Dave had a story that I've always remembered, about a patient on the oncology ward where Dave was assigned to do rounds. The story about the patient, Yamo, was pretty blunt and, well, clinical: "I went in one day and Yamo's belly was full of fluid. The next day I went in and Yamo was yellow from the jaundice...." My sister, the clinical-wannabe, was eating up Yamo's deterioration - avidly. Then Dave said: "...so Yamo asked the nurse: 'am I going to make it though the day?"' You've got three guesses: who started bawling?

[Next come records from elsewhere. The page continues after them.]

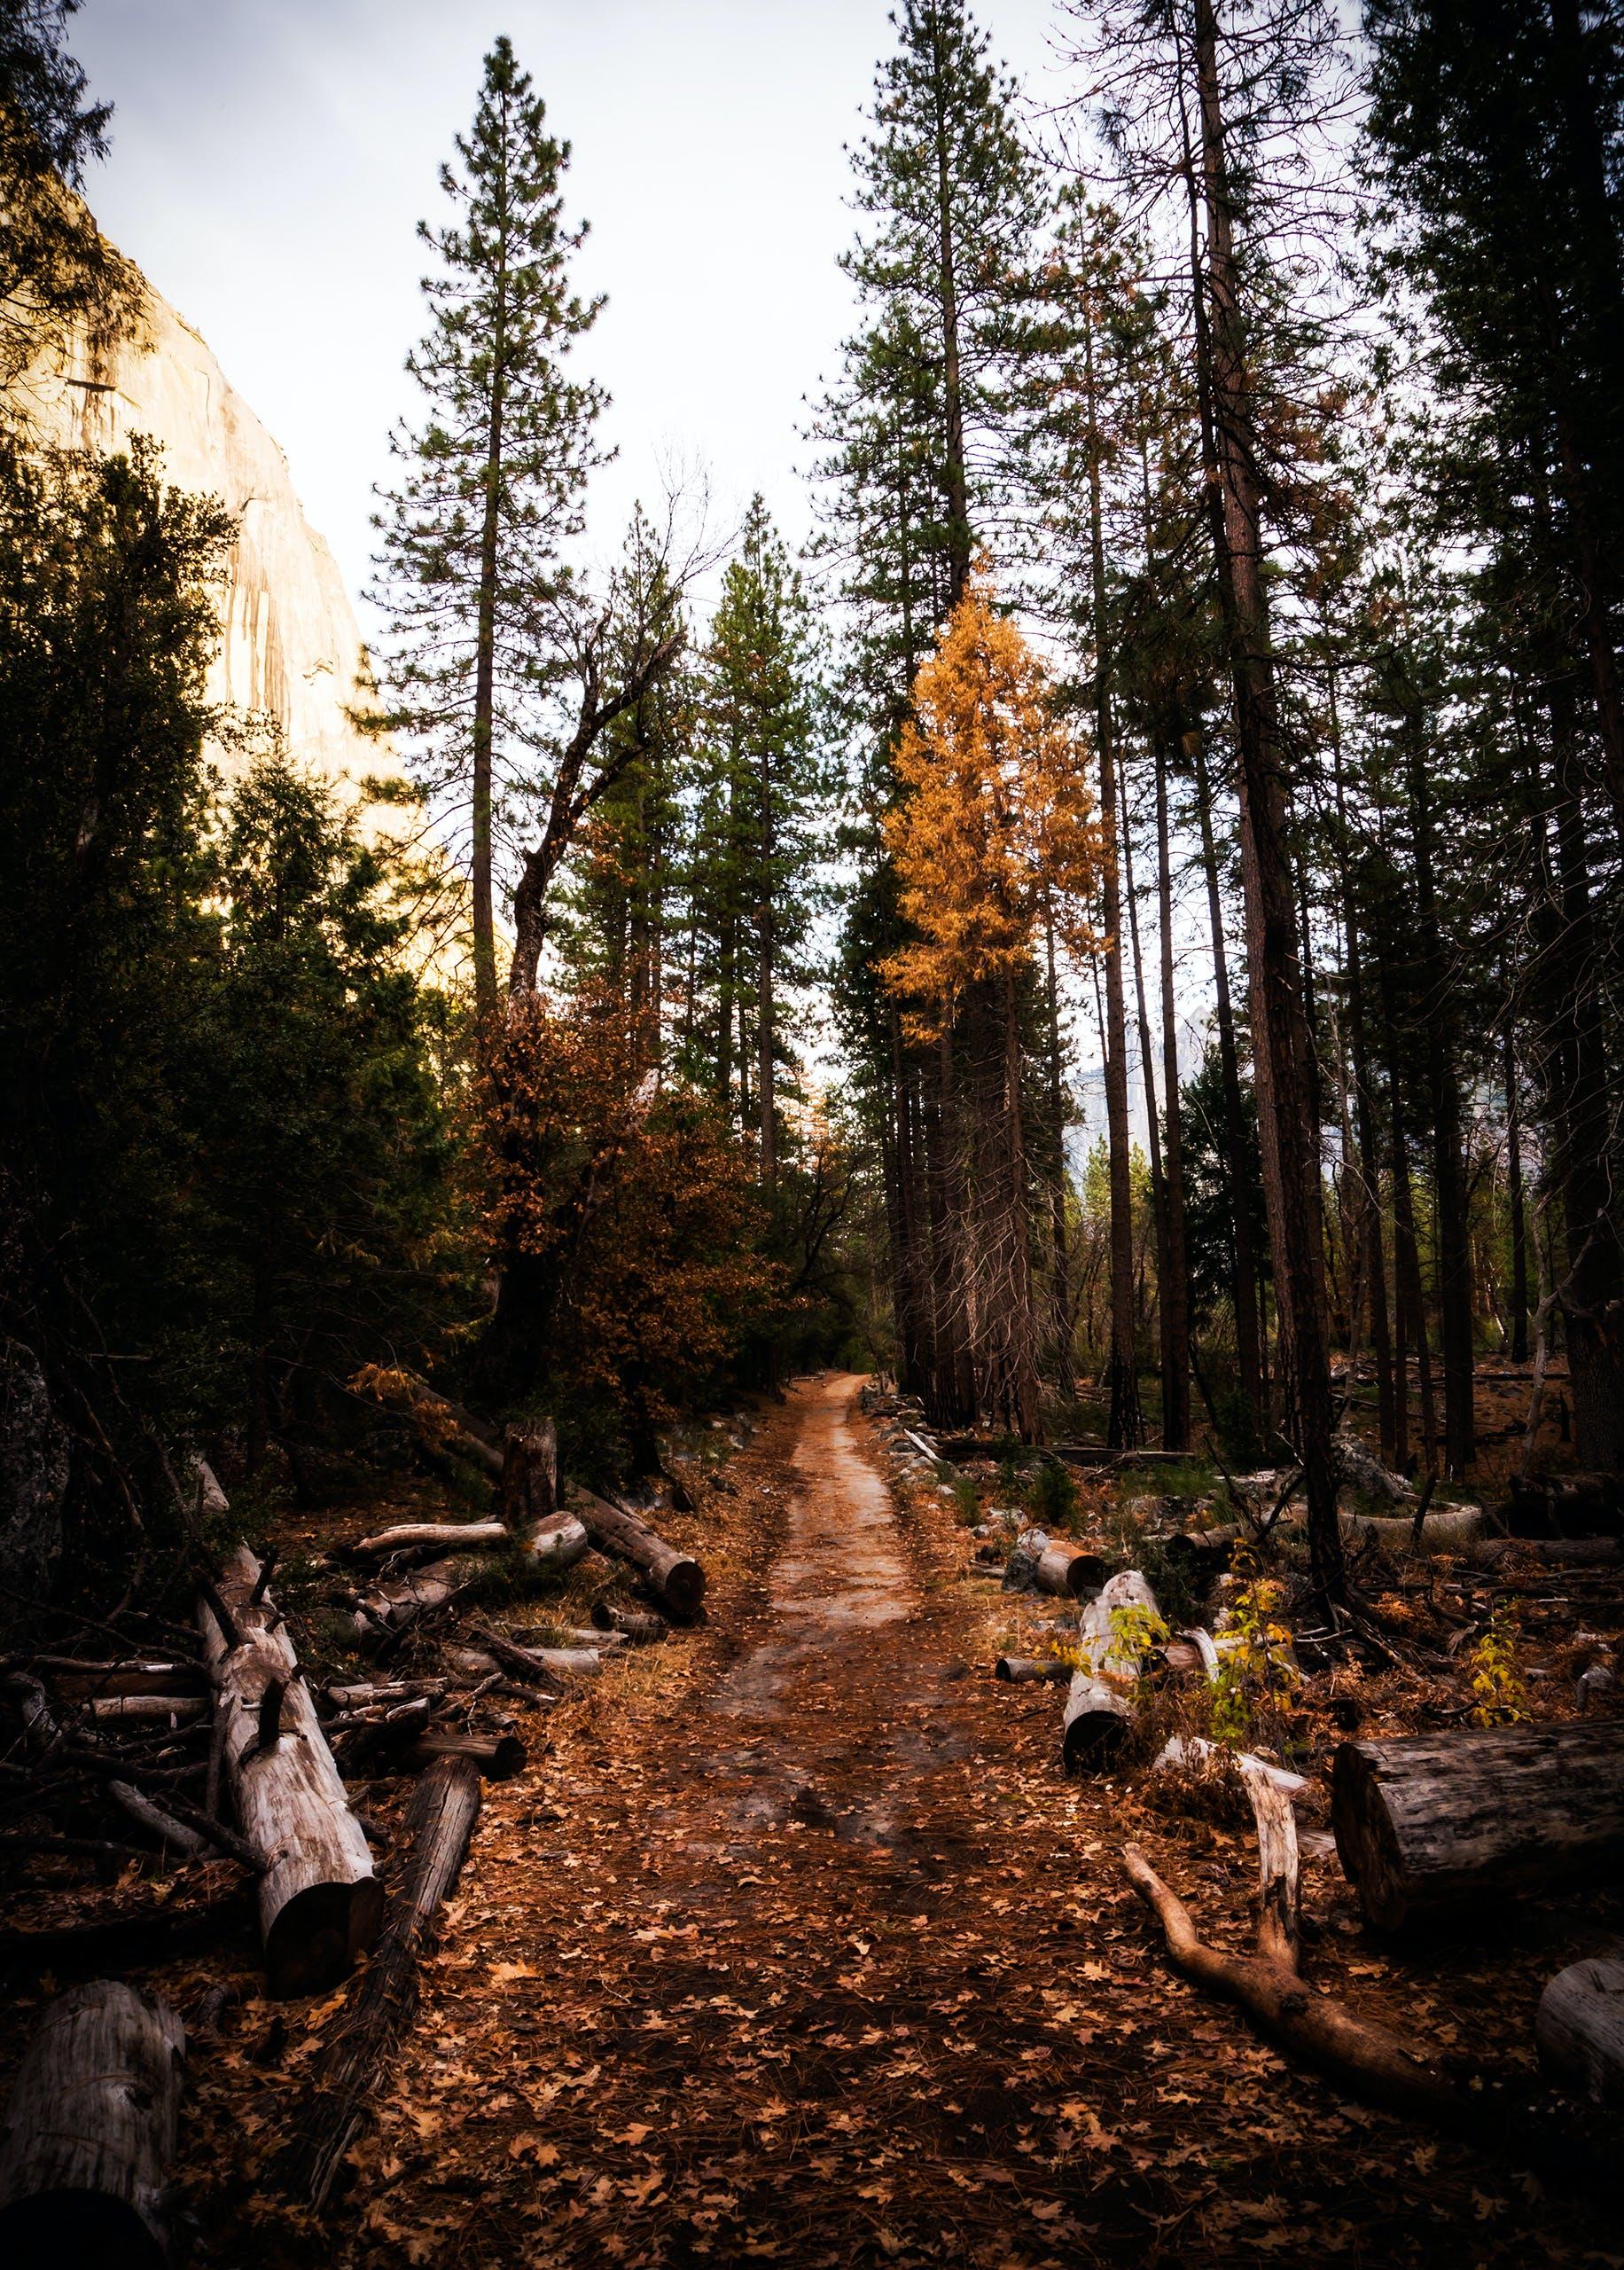 Fotos de stock gratuitas de arboles, árboles caídos, bosque, caminar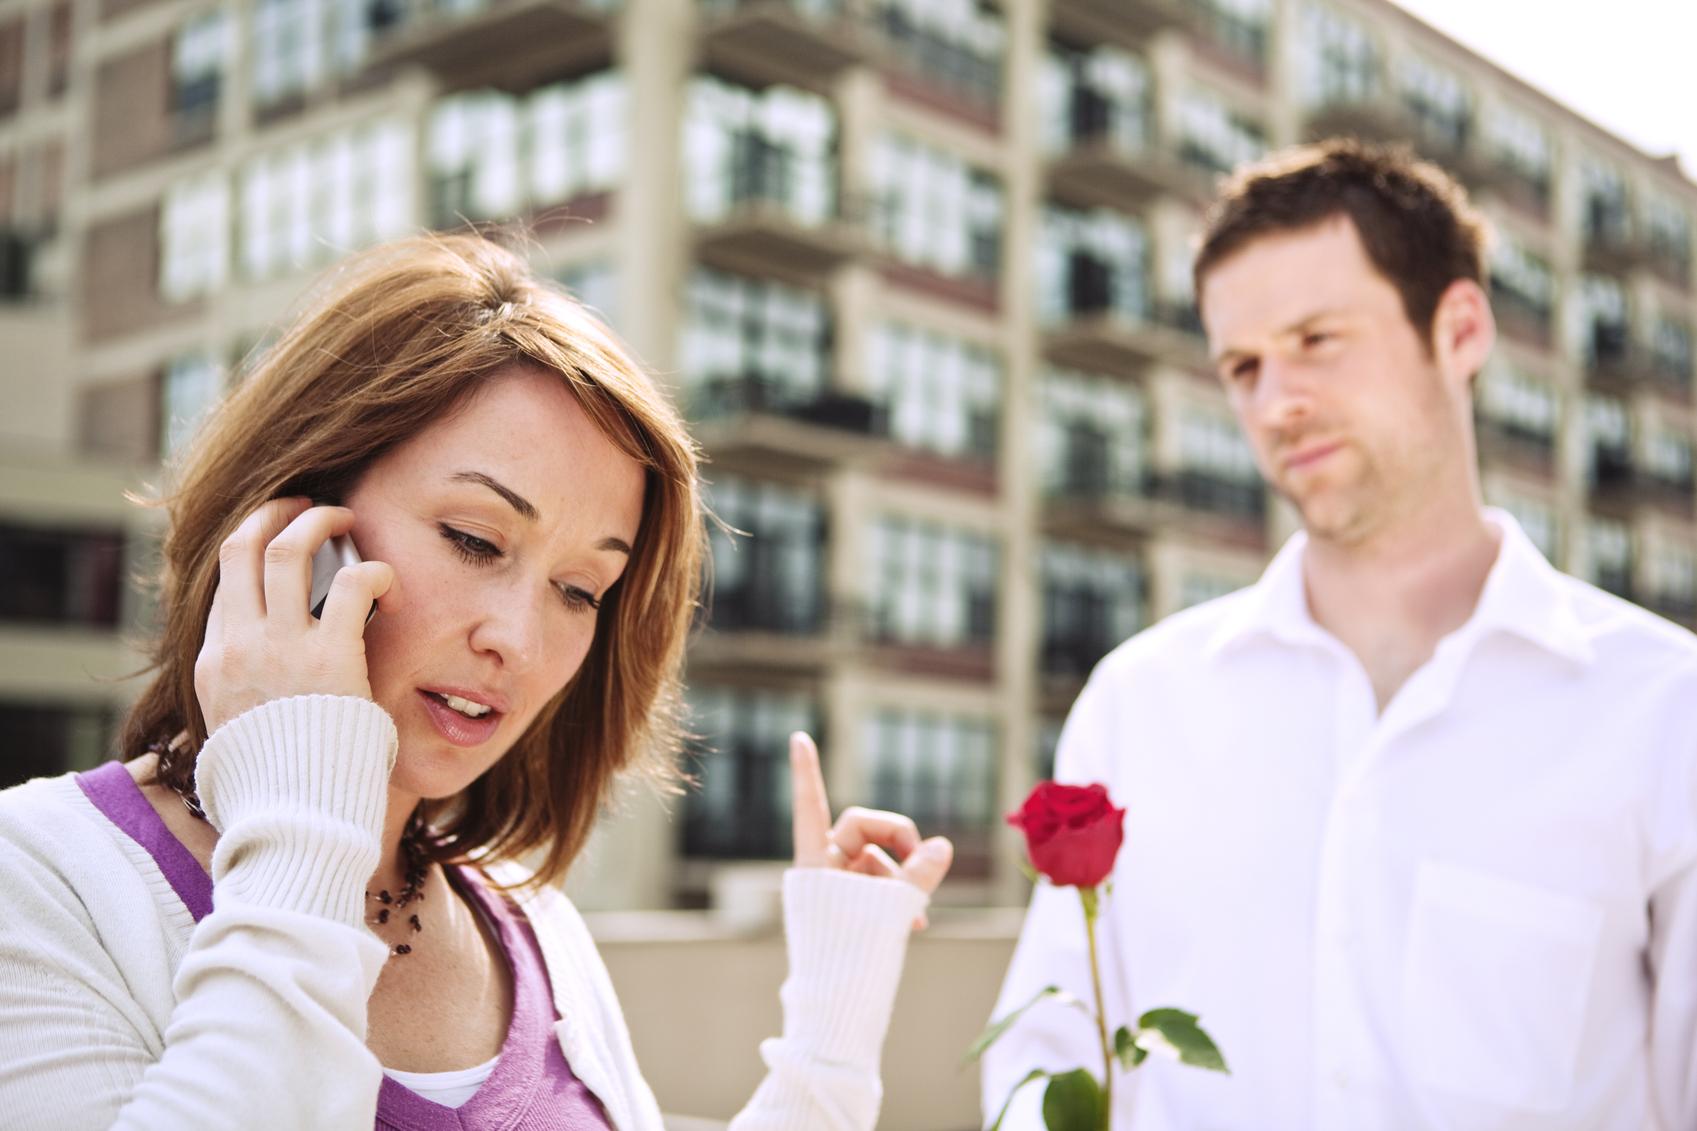 знакомство психология мужчины женщины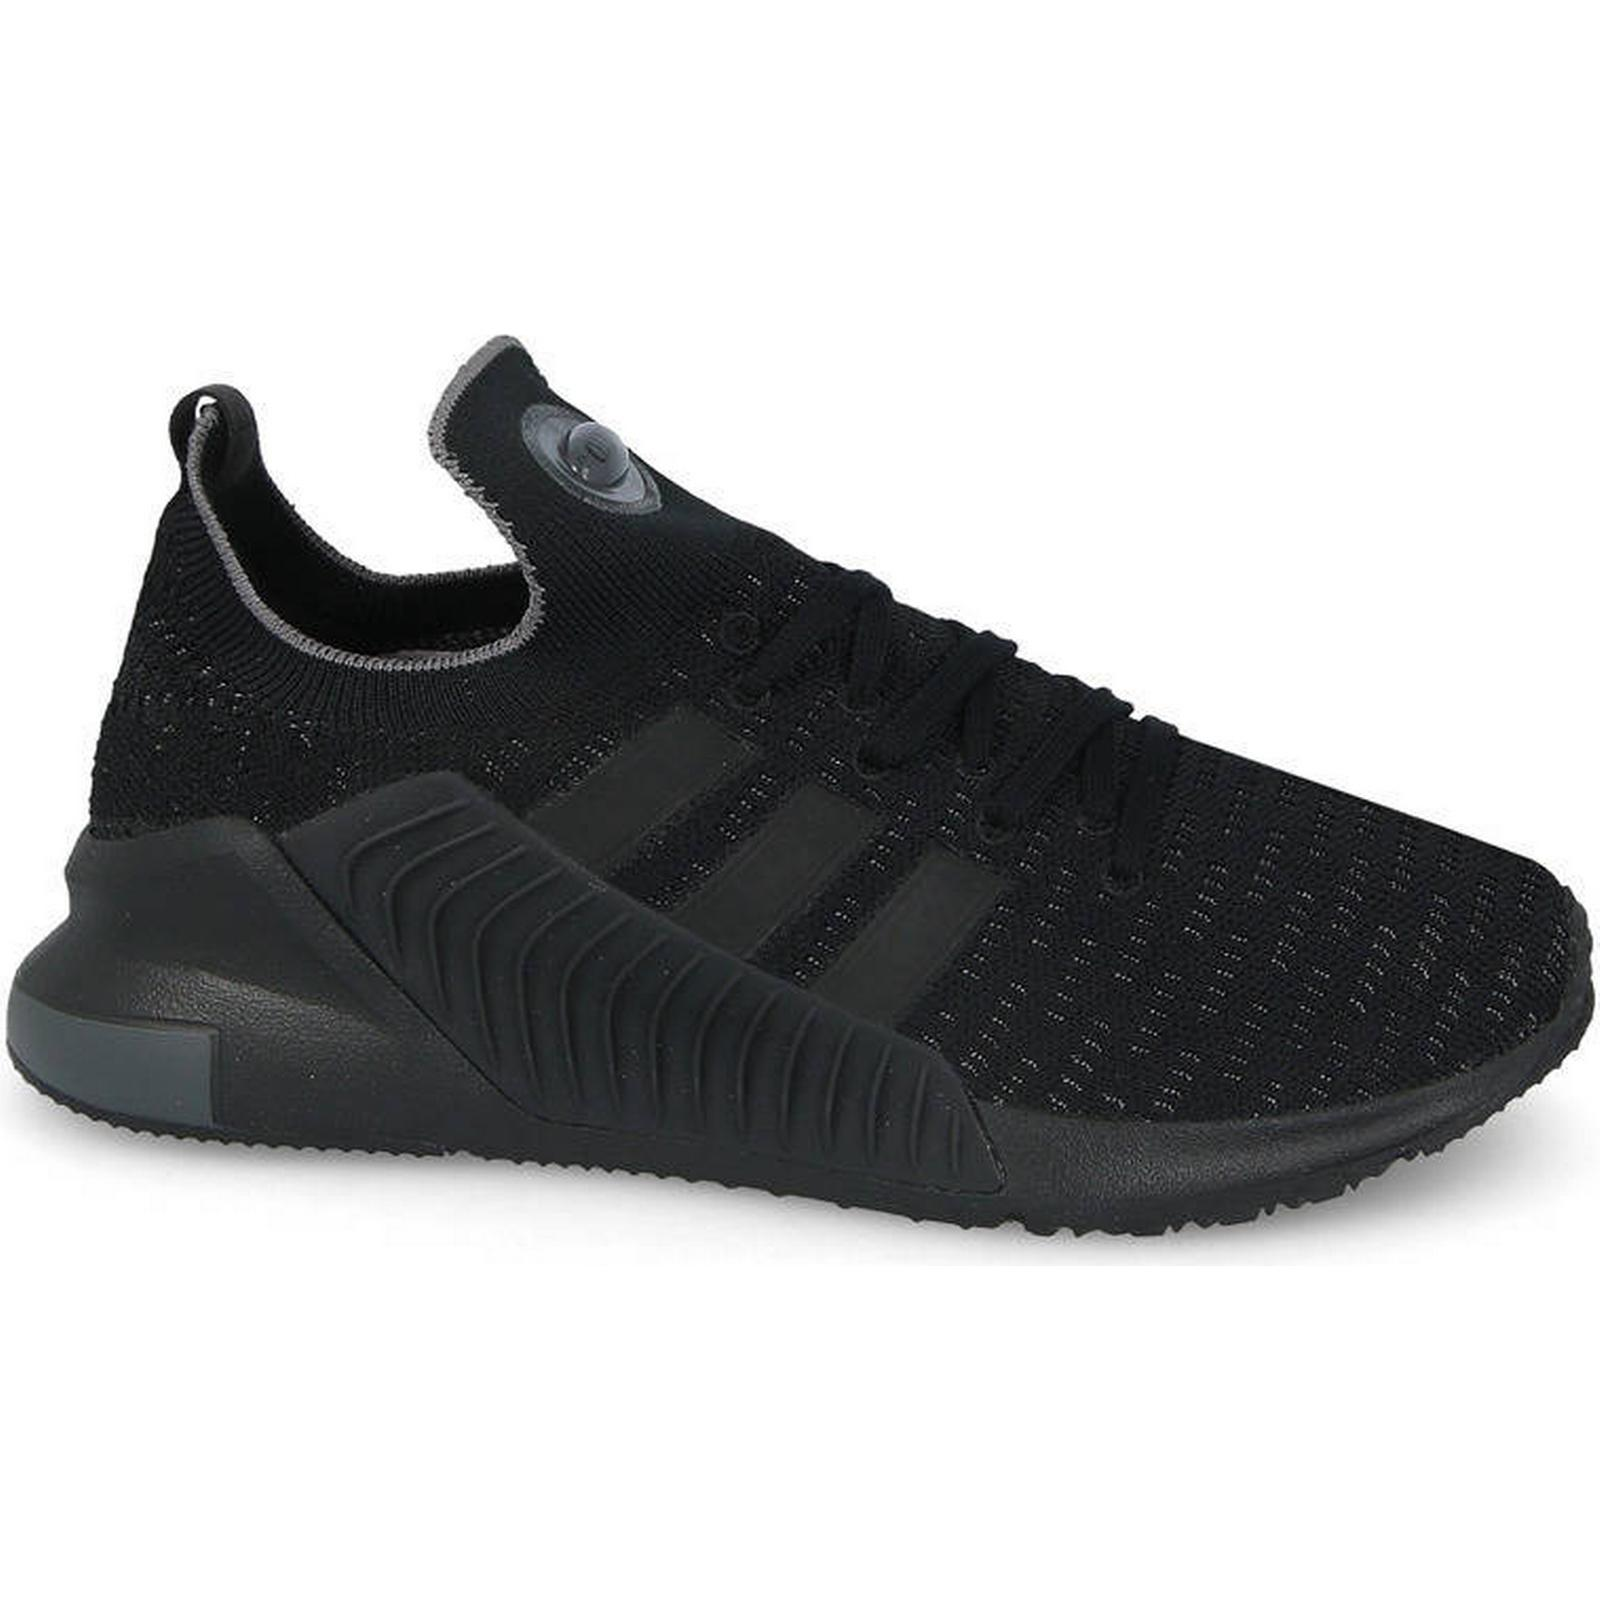 Adidas Originals Men's Shoes sneakers adidas Originals Size Climacool Primeknit CQ2246 BLACK Size Originals 45 1/3 ca9398

The thing about narratives, as Fred Hagstrom once said, is that it is the responsibility of the narrator to determine the relevant points of the story. I've kept his words in the back of my head as a mental response to the occasional critiques where my narrative choices have been questioned ("that part of the story is so much more interesting-why didn't you talk about that more?"). The more time I spend in the logical world of the law, the more I know that Fred was right. After all, more often it isn't the climax of the story we remember, but another part which holds more meaning for us. For example, in Dave's story, the climax was when Yamo died. But one of us started crying before Dave got that far: it was Yamo's anticipation of death that was so striking and sad."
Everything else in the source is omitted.